Bio-multisensory-inspired gate-attention coordination model for forecasting short-term significant wave height

Accurate forecasting of significant wave heights (SWH) plays an important role in the generation and conversion of ocean wave energy, being a promising clean energy source, while a challenging task since the SWH is produced by a complex natural process. Additionally, some deep forecasting models integrate parallel and recursive structures via unexplained ways to present intelligent fitting, leading to insufficient inheritance of hybrid advantages. Since biological multisensory systems automatically cope with complex time series, this paper explores a bio-multisensory-inspired gate-attention coordination network (BGC-Net) for forecasting SWH. Specifically, inspired by the multisensory cognitive process, the BGC-Net includes sensory capture, brain memory, and forecasting components, and their collaboration offers a clear multi-level handling process. In internal implementations, through mimicking that multiple senses independently capture external stimuli, the first component adopts several activation functions for suppressing data fluctuations and detecting the complex nonlinear and linear features.
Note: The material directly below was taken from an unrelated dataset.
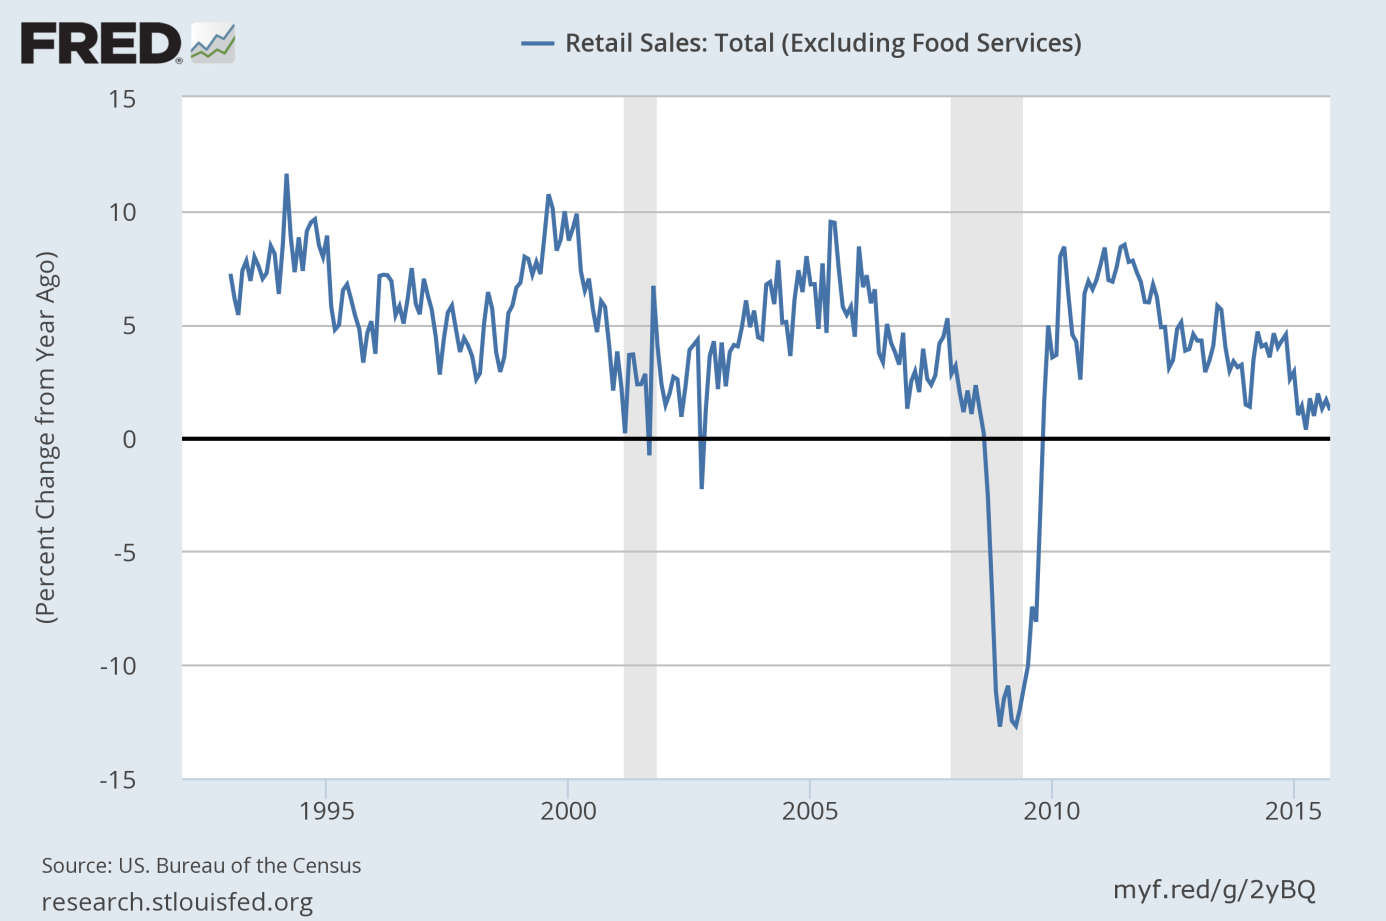 U.S. Retail Sales (excluding food services, as a percent change from year ago) from 1993 to 2015.

Through mimicking that the left and right hemispheres interact and collaborate electrical impulses, the second component integrates both gate-driven recursive and self-attention-driven parallel structures to extract multivariate and temporal dependencies at the feature level. Through mimicking that a higher cerebral cortex fuses extracted information for the final cognition, the third component proposes three feature fusion ways of concatenate, attention, and gated fusion, and takes the best one to generate SWH forecasts. In summary, the BGC-Net not only has interpretability at the biological level but also effectively integrates the advantages of parallel and recursive structures. Five experiments and six analyses all indicate that the BGC-Net exceeds 17 baselines, has root mean squared error (RMSE) average improvements with 22.30% and 19.22% for two datasets, and provides references to support SWH forecasting. •A deep bionic model is explored to forecast significant wave heights.•The multi-level handling is inspired by the multisensory cognition process.•Multiple activation functions enhance the intelligent feature learning.•The advantages of recursive and parallel structures are integrated.•Five experiments and six analyses show its high performance.